For the string "Vintage", state how many lines of the data hold it. Give nothing besides the number.

RECORDS PROVIDED START

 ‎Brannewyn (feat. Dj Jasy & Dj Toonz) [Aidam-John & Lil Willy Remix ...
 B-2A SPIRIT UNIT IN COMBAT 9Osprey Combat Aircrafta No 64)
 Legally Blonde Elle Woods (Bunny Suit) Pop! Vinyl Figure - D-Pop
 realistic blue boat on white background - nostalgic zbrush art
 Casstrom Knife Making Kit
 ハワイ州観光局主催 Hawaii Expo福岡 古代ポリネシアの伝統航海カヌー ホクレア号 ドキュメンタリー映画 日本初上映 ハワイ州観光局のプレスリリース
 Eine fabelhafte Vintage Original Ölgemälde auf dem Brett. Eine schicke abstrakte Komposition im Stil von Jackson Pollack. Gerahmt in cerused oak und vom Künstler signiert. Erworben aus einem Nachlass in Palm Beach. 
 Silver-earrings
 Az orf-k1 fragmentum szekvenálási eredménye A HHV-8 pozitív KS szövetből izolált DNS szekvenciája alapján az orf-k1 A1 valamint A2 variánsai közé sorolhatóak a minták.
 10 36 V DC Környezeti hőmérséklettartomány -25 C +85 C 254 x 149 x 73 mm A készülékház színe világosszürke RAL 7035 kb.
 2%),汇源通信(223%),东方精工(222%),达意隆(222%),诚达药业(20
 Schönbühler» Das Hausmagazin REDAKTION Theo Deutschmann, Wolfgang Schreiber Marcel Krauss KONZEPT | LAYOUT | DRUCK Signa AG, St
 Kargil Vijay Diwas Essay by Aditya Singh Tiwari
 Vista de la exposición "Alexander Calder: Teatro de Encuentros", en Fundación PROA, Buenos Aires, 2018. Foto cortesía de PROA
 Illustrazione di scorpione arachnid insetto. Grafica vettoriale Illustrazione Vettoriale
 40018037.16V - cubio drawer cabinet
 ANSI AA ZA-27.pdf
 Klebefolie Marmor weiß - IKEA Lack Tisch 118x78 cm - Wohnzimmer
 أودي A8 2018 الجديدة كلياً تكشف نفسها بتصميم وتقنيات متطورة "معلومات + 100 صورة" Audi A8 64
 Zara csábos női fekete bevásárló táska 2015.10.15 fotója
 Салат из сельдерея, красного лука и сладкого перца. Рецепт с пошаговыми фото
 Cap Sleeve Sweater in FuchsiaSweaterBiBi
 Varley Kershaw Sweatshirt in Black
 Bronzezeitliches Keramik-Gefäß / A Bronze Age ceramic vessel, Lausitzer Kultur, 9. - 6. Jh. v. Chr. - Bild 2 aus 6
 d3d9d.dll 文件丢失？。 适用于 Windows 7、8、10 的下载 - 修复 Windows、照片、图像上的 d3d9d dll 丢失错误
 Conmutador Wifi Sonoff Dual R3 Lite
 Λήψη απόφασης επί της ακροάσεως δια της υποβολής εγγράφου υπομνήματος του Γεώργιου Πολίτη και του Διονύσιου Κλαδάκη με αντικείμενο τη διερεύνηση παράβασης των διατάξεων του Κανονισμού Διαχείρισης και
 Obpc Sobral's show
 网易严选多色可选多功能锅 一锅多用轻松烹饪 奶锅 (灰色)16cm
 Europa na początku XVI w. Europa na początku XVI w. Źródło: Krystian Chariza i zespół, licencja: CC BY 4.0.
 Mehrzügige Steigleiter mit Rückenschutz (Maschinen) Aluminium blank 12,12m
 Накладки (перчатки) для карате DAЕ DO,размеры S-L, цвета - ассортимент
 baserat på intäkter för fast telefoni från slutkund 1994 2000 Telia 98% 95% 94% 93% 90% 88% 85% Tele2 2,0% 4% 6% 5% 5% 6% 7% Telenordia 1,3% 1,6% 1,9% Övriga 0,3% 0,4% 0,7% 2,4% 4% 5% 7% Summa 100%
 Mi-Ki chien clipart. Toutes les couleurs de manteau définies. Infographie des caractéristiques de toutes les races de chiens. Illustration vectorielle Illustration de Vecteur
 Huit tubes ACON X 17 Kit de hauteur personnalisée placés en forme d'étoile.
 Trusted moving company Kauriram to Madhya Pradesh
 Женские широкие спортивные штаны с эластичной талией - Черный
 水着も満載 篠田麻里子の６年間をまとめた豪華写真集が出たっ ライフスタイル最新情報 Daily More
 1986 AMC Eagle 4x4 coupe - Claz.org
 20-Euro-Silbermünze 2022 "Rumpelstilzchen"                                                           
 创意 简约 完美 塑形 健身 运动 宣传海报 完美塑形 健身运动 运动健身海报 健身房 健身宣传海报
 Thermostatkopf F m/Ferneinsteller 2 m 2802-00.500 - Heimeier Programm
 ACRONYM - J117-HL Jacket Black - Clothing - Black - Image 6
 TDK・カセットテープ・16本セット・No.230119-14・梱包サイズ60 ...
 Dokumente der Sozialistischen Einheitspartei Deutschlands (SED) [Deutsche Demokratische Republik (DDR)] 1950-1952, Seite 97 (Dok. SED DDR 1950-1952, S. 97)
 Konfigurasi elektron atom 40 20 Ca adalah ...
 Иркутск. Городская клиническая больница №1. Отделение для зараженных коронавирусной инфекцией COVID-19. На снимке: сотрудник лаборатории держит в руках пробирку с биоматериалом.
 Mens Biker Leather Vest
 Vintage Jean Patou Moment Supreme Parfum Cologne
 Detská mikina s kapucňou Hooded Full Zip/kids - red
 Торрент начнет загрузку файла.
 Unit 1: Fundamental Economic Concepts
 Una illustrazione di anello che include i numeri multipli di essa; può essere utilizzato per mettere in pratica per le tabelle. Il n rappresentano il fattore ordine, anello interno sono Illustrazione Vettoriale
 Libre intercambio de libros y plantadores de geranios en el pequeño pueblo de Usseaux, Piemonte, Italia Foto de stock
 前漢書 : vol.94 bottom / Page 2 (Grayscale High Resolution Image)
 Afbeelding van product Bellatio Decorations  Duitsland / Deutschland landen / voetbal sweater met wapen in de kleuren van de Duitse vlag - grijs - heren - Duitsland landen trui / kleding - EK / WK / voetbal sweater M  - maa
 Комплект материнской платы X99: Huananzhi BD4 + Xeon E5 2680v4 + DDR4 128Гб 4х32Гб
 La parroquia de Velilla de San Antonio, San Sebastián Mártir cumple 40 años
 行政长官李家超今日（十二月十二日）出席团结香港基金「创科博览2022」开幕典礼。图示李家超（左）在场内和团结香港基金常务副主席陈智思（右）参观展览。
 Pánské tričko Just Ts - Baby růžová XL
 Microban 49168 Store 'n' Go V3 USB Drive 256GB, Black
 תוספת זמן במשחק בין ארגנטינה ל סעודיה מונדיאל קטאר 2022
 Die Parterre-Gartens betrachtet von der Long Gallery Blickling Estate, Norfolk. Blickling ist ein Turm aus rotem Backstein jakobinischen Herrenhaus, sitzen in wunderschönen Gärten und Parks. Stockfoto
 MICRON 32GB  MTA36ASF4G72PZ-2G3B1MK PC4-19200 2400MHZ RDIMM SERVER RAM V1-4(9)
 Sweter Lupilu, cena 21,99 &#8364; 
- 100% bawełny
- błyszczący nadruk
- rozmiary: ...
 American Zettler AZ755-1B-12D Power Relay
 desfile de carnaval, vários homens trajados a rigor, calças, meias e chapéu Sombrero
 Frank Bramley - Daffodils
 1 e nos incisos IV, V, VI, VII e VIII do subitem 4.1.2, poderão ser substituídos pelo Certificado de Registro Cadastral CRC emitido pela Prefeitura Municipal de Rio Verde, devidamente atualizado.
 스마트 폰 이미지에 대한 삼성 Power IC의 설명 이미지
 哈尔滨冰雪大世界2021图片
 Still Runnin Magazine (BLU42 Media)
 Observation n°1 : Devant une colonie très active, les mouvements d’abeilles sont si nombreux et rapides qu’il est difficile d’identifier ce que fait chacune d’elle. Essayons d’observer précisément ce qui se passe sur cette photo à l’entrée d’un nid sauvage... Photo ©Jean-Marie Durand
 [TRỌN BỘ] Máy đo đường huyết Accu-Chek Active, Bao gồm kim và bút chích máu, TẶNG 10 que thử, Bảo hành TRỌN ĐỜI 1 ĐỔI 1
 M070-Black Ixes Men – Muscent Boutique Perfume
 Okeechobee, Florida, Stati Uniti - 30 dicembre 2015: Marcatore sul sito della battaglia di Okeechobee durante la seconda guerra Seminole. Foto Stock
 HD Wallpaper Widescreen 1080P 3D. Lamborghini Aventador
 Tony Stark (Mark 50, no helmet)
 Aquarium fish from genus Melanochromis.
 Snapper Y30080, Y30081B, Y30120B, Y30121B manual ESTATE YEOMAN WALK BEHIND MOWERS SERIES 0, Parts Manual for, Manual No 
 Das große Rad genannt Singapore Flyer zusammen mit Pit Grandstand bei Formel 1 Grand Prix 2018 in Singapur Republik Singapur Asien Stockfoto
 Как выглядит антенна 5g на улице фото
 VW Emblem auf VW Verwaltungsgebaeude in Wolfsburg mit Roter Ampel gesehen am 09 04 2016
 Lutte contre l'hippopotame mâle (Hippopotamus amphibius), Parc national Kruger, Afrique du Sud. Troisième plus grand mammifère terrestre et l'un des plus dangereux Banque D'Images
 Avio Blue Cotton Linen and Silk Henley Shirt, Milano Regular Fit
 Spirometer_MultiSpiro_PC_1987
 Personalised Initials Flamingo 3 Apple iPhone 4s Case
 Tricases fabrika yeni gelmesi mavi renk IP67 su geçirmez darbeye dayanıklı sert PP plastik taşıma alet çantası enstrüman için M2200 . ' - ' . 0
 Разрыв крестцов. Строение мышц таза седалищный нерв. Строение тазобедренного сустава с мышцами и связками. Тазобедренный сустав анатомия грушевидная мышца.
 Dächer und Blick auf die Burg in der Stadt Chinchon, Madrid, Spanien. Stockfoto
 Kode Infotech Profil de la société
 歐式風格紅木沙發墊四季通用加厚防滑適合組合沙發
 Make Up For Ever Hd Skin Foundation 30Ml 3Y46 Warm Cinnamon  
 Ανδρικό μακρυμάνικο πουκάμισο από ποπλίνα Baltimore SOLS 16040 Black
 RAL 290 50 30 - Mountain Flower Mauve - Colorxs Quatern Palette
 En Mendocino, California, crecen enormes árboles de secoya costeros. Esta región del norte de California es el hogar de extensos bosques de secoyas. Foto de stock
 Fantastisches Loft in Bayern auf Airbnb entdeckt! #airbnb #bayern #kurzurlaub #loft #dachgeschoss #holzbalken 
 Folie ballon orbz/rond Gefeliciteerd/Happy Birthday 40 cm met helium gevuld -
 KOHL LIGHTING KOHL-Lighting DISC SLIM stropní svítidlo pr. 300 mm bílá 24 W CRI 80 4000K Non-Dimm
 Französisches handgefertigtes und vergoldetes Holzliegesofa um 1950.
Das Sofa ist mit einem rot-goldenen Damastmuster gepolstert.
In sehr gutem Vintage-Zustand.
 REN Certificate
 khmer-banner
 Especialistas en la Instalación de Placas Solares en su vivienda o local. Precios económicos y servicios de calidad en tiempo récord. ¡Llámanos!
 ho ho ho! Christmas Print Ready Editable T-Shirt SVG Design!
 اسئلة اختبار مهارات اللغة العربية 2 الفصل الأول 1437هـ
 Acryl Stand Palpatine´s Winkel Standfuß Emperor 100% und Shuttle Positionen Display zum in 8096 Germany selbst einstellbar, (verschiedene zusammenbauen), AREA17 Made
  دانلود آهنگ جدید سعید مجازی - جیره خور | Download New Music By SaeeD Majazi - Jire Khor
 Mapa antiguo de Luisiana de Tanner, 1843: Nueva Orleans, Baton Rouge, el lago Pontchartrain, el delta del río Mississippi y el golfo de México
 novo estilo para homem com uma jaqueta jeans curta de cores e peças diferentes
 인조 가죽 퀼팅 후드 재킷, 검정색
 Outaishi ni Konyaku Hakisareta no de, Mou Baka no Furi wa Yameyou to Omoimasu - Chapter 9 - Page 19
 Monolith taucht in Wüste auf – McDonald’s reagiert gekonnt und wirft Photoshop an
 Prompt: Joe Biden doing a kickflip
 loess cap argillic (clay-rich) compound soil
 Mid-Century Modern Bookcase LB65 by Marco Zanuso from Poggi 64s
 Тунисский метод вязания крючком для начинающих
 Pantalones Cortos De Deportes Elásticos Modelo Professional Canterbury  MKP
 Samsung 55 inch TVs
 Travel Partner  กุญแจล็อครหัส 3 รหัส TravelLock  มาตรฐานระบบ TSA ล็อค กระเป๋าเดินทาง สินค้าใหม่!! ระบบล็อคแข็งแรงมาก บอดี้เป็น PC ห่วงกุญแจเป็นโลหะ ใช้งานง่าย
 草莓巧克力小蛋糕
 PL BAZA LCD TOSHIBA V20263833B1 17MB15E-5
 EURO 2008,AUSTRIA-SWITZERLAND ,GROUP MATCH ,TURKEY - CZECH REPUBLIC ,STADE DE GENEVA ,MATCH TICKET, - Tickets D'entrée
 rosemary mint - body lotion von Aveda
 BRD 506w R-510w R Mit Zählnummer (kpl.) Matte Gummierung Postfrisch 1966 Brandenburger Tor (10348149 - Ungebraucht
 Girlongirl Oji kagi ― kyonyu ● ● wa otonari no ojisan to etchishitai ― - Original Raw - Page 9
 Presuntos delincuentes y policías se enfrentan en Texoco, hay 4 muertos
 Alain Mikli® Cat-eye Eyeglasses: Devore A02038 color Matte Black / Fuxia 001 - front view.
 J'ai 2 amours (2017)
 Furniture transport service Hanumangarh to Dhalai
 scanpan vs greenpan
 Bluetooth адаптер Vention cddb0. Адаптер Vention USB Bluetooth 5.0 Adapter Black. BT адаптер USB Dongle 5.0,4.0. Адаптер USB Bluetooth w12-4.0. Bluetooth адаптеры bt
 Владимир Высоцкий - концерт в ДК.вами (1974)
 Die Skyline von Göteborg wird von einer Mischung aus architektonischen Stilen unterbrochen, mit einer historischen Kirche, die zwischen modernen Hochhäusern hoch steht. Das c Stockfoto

RECORDS PROVIDED END

* WRITTEN RESPONSE
3